Je réussis à faire ce que je voulais. Elle tourne la tête et fiche ses yeux dans les miens. J'y lis toujours la même angoisse mais aussi une fascination sans limites.

- Pourquoi est-ce que j'aurais peur de toi ? Parce que tu as des oreilles pointues ? Des pupilles verticales ? Des ailes dans le dos ? Des cicatrices ?

En une seule phrase elle venait de citer quasiment toutes mes différences. Celles que l'on pouvait aisément remarquer.

- Les gens ne me voient pas de la même manière que toi. Ils voient en moi une créature bizarre, un humain transformé par les besoins fanatiques d'un scientifique de tester les limites de la science !

- Les gens voient en moi une petite bourgeoise avec les poches pleines de fric qui n'en a rien à siffler des pauvres. Dit-elle avec une moue dégoûtée.

- Je crois que l'on se doit des explications. Lâchais-je d'un coup.

- Je crois aussi. Je commence ?Demande-t-elle gentiment.

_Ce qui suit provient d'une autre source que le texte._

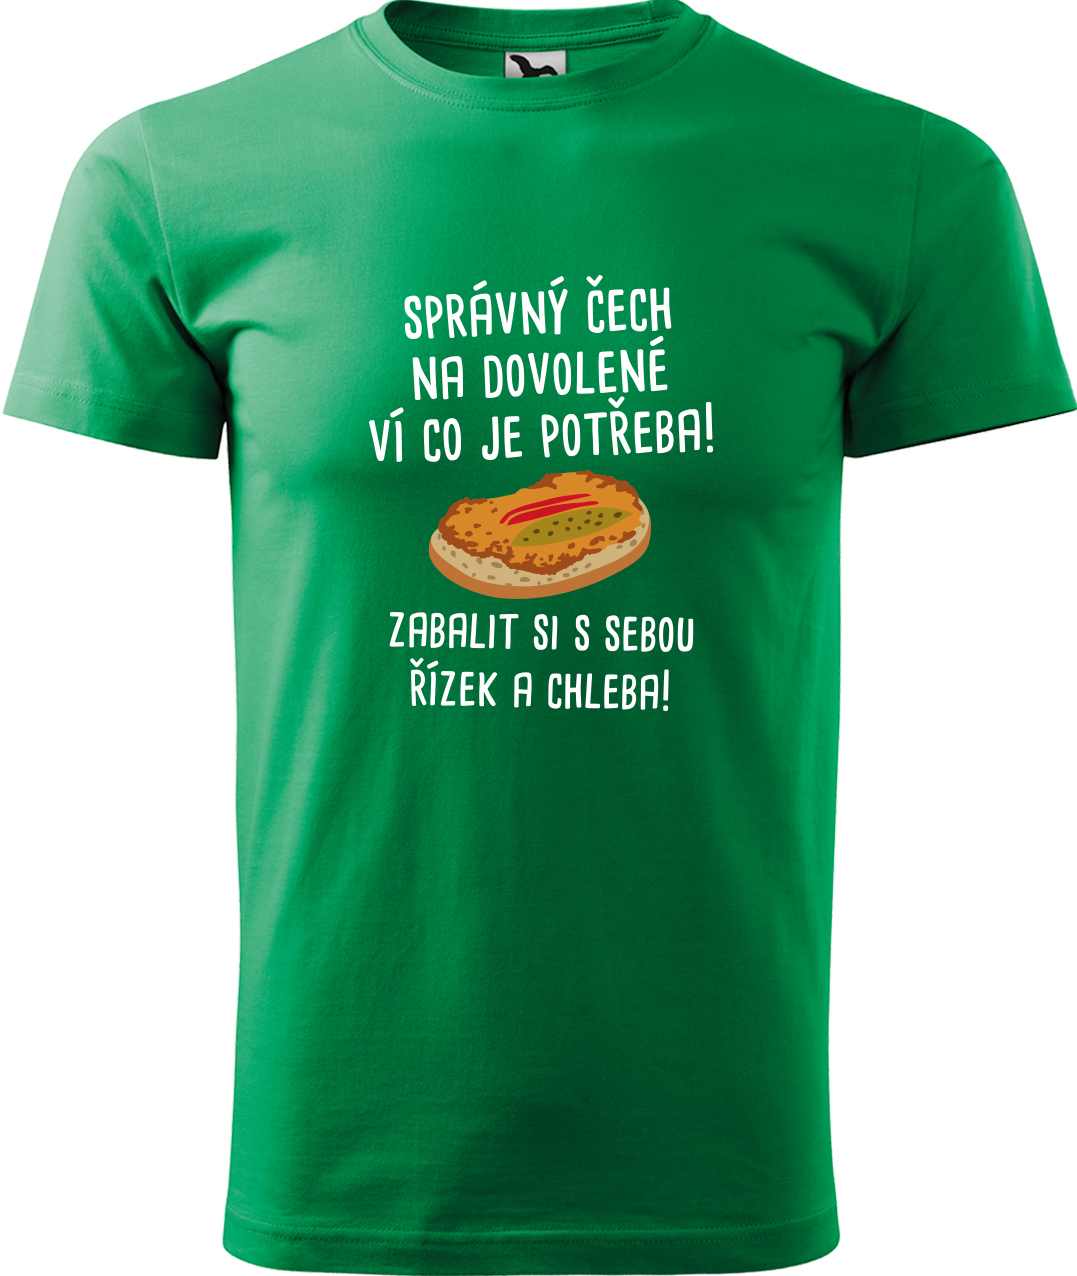 Pánské cestovatelské tričko - Správný Čech na dovolené, ví co je potřeba! Velikost: S, Barva: Středně zelená (16), Střih: pánský

- D'accord. Dis-je soulagé.

- Je suis née dans une famille deriches entrepreneurs. Mes grands-parents paternels possédaient près de la moitié de la ville. Mon père et ma mère s'étaient trouvés lors d'un bal de charité. En quelques jours le mariage avait été arrangé. Lorsque je suis née, on a tout fait pour me faire devenir une véritable princesse. A mes neuf ans je me suis fait kidnapper pendant une semaine avant de pouvoir m'échapper par mes propres moyens. A mes quinze ans, j'ai été enlevée pendant un an par la même Organisation secrète du crime. Cette même organisation qui s'est mise en tête de faire de moi une espionne. S'ils m'avaient moi au plus près de ceux qui gèrent la ville, ils pouvaient en faire ce qu'ils voulaient. Ils m'ont formée à devenir une véritable tueuse. Le jour où j'ai vaincu le meilleur de tous, ils ont comprisque l'élève avait dépassé le maître. J'ai réalisé plusieurs missions pour eux. Mais le jour où j'ai reçu comme ordre d'assassiner une femme dans les quartiers mal-famés de cette ville, j'ai tout abandonné. Personne n'a jamais su ce qu'il s'était passé et mes parents se sont efforcés d'étouffer l'affaire. Aux yeux de l'Organisation j'ai totalement disparu. J'ai fait courir le bruit de mon décès, enfin celle que j'étais pour eux.
Ils m'ont retrouvée l'année dernière, s'étant doutés qu'une simple femme ne pouvait pas m'avoir tuée. Par deux fois ils m'ont piégée. Les deux fois, ils étaient quatre, et à chaque fois, il y en avait au moins un qui ne se relevait pas. Mais j'étais dans un sale état. Et puis tu es arrivé et pour éviter que tu ne découvres cela par toi même, j'ai arrêté. Jusqu'à ce soir.